Sunday, January 18, 2009

Tennis, anyone

This evening (US time) sees the start of the first of the four "Grand Slam" tournaments on the professional tennis calendar, the Australian Open. Tennis never made quite as much of an appearance in Hollywood movies as some other sports, and when it does, it's usually pretty dodgy in quality.

Several professionals show up in Pat and Mike. Katharine Hepburn is expected to play at their level. Fat chance of that happening.

As I mentioned in my post on Pat and Mike, you might find the best portrayal of women's sports -- specifically, women's (amateur) tennis -- in another early 1950s movie, Hard, Fast, and Beautiful. Sadly, though, it's not available on DVD. What we know today as the "Grand Slam" tournaments were strictly for amateurs at that time (they only became professional in the late 1960s), and as a result, Hard, Fast, and Beautfiul also deals with the question of making money of of playing tennis.

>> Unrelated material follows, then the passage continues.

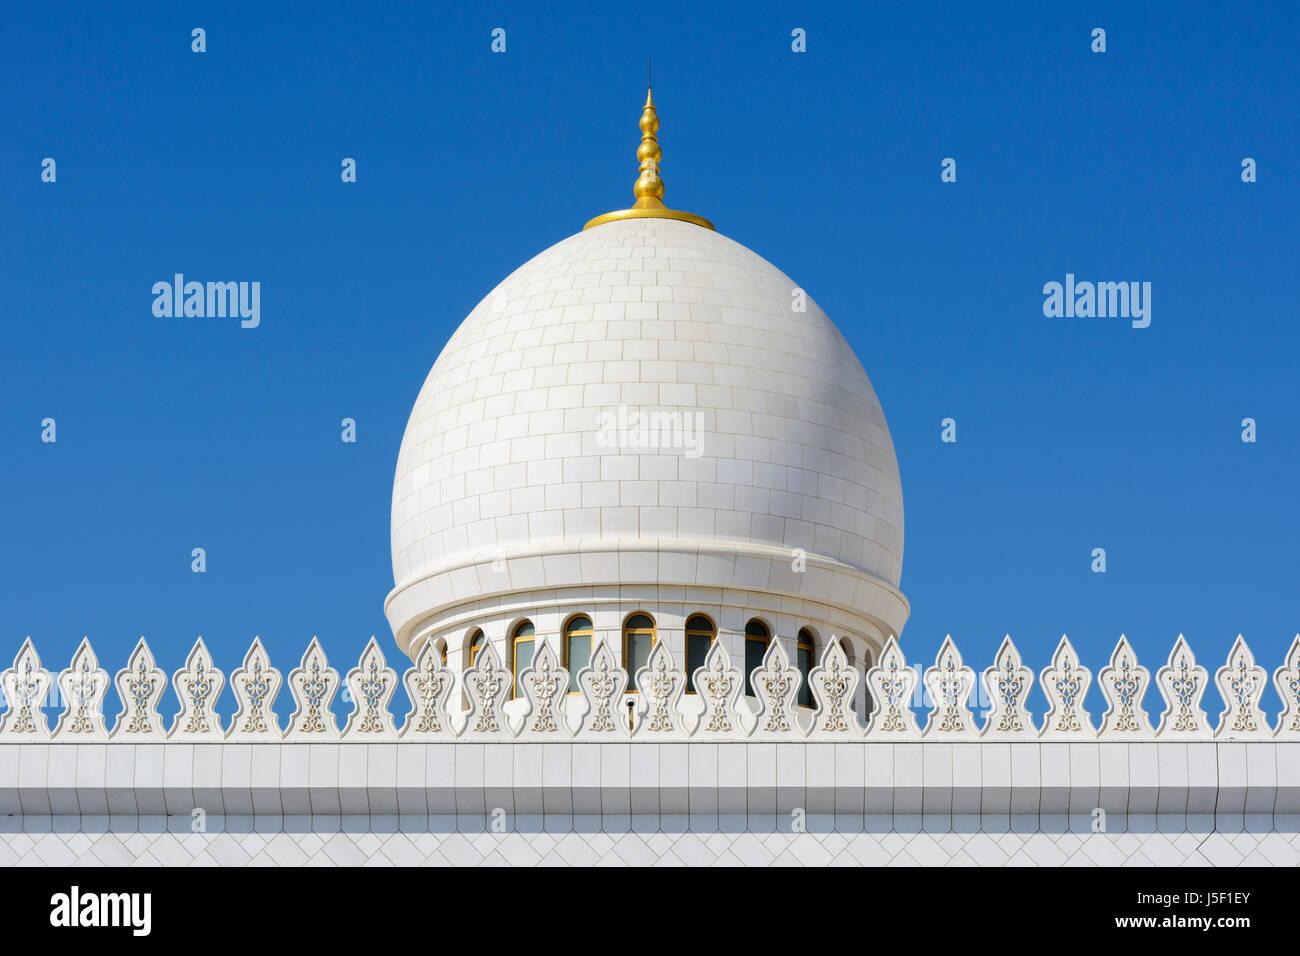 Exterior: Sheikh Zayed Grand Mosque, Abu Dhabi, United Arab Emirates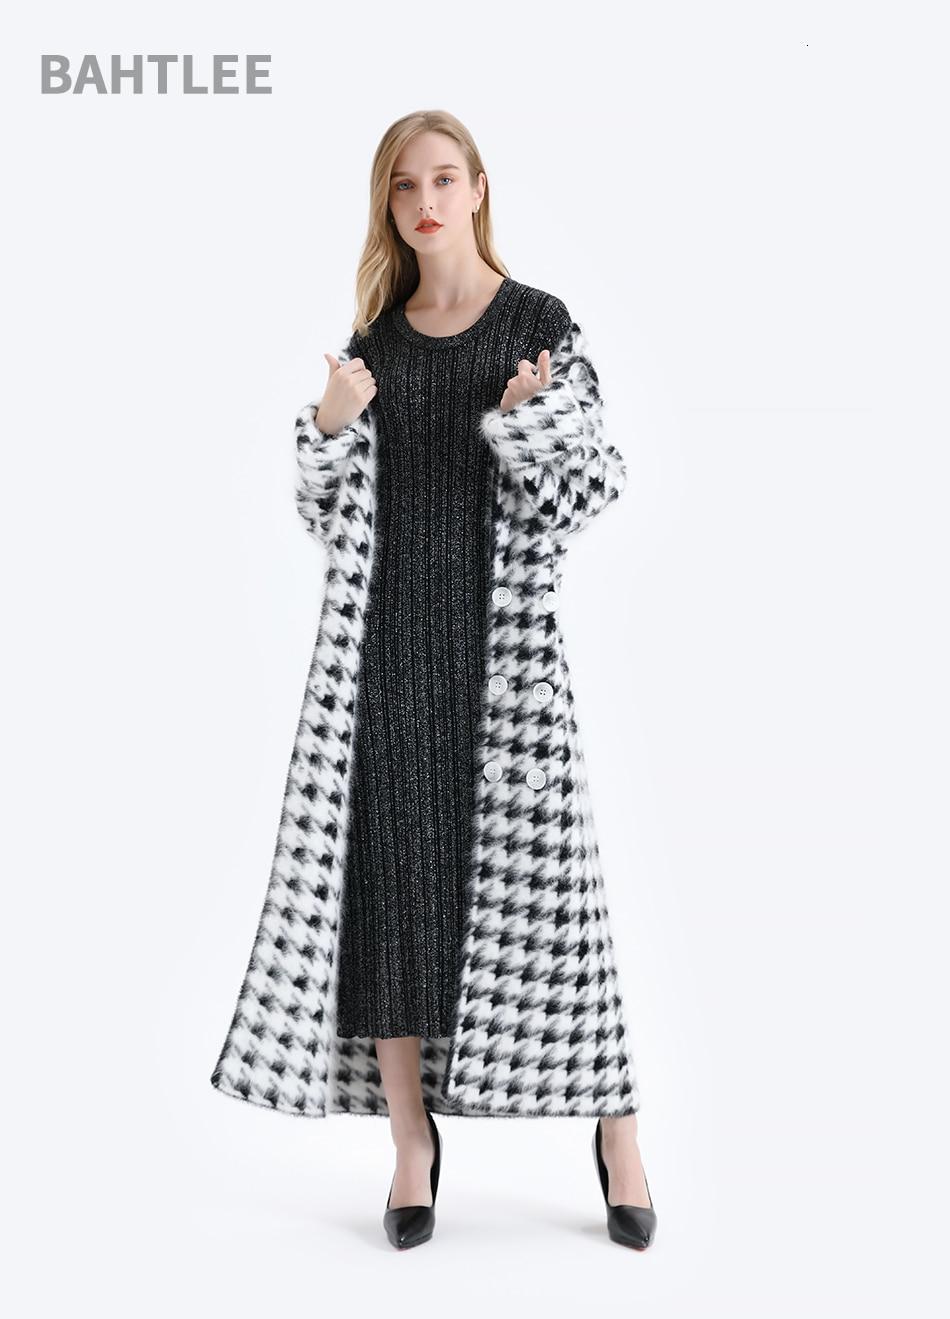 BAHTLEE Women Angora Long Coat Houndstooth Pattern Sweater Winter Wool Knitted Cardigans Jumper Turn Down Collar Long Sleeves 10

Another Grand Slam tennis player is Farley Granger in Alfred Hitchcock's Strangers on a Train. Again, the tennis isn't all that good, and Granger's character being a tennis player isn't that important to the plot. He could have been any sort of athlete. However, there's an interesting bit in the tennis match scene from a historical perspective. Granger's match reaches six games all in the fourth set, and continues, until Granger wins something like ten games to eight. It was the norm for tennis matches at the time for sets to continue until one player led by two game. Now, almost all sets are decided at six games all by the a first to seven points tiebreak (although again, you have to win by at least two points). This was only introduced at the Grand Slam events in 1970. So, a key plot element -- that Granger's tennis match could have kept going on almost indefinitely -- has since been obviated by the march of time,

Perhaps, then, I should have talked about the Hollywood studio system's treatment of Australia instead of its look at tennis. Of course, it's not as though Hollywood got Australia right, either.

1 comment:

SteveGTennis said...

Tennis is one of those sports that just doesn't work in a feature film, unless it's something that the characters are doing in the background. Look at that awful Wimbledon film with Kirsten Dunst if you don't believe me!